Secondo il cronoprogramma europeo la prossima settimana si terrà un vertice decisivo, con i due leader attesi il 18 marzo nella Macedonia del Nord per discutere degli undici punti. Ma l’ultima uscita di Vucic mette tutto nuovamente in discussione, anche perché nel paese sta montando la protesta di piazza. Intanto il Ministro degli esteri Antonio Tajani è stato in Bosnia.

Il piano

Il nodo verte sul fatto che Belgrado reputa il Kosovo una provincia separatista, per questa ragione il piano Ue ha strategicamente previsto il riconoscimento di documenti come passaporti, diplomi e targhe e non un Kosovo indipendente. Di contro, la Serbia è previsto che non blocchi l’adesione del Kosovo a organismi internazionali. L’inviato dell’Ue, Mi3roslav Lajcak, dopo aver incontrato ieri il primo ministro del Kosovo, Albin Kurti, ha detto di sperare di ottenere un documento che sarà concordato il 18 marzo.

Si è detto inoltre ottimista sul fatto che entrambe le parti si accordino: “Lo scopo principale di questa visita è informarmi su come il Kosovo vede la domanda, e questo incontro ha soddisfatto le mie aspettative in questo contesto”. Entrambi i paesi stanno negoziando la normalizzazione delle loro relazioni sulla base di un nuovo piano accettato quattro settimane fa.
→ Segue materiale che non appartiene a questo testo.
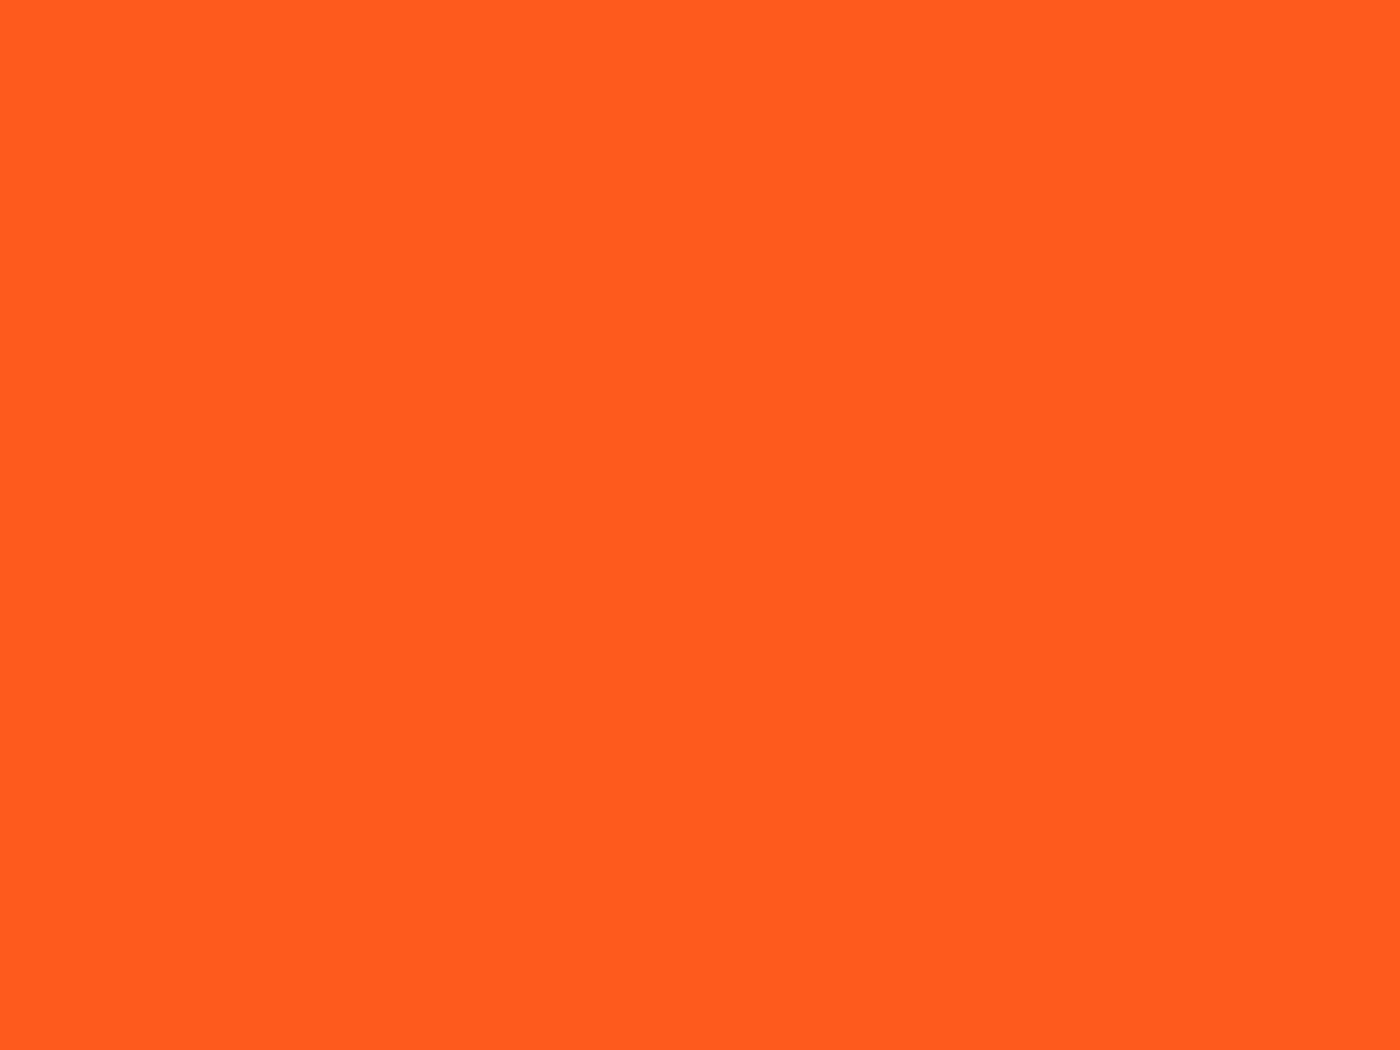 1400x1050 Giants Orange Solid Color Background

Berlino intanto ha parlato di una “grande disponibilità” a normalizzare le relazioni tra Serbia e Kosovo, mentre il numero uno della politica estera dell’UE, Josep Borrell, ha dichiarato di aver “convenuto che non sono necessarie ulteriori discussioni”. A Belgrado invece non la pensano allo stesso modo.

Qui Belgrado

Circa trecento studenti hanno protestato a Belgrado contro il piano europeo, avvertendo il governo Vucic che commetterebbe un vero e proprio tradimento se lo accettasse. Si dicono contrari, inoltre, all’idea di formare un’Associazione dei comuni a maggioranza serba in Kosovo, quell’organismo progettato per rappresentare la comunità serba del Kosovo che era stato concordato con Bruxelles nel 2013. Anche alcuni partiti nazionalisti si sono espressi contro il piano, reo a loro dire di essere troppo prono nel dire sì apertamente all’indipendenza dell’ex provincia serba. Una nuova manifestazione è in programma 24 prima del vertice del 18 di Skopje.

Scenari

Mentre da un lato si registra l’ottimismo in seno a Bruxelles verso l’accettazione del piano (e dei suoi delicati allegati di merito), dall’altro la tappa di avvicinamento al vertice della prossima settimana porta in grembo ulteriori tensioni. In primis per la possibile interferenza di players esterni, poco entusiasti di una pacificazione tra etnie che, se rimanessero ancora in tensione, sarebbero maggiormente controllabili.

Il dato politico verte il fatto che cinque Stati membri dell’UE ancora non riconoscono il Kosovo e, conseguentemente, Pristina rimane l’unico stato nei Balcani occidentali che non è ancora un paese ufficialmente candidato all’UE. Per questa ragione la sua domanda di adesione non è stata ancora presa in considerazione. Una contingenza che, se letta in filigrana rispetto al conflitto in Ucraina e alle preoccupazioni “militari” di paesi cuscinetto che chiedono di entrare nella Nato (come Bosnia Erzegovina, Georgia, Ucraina, Svezia e Finlandia), acquisisce ancora maggiore considerazione.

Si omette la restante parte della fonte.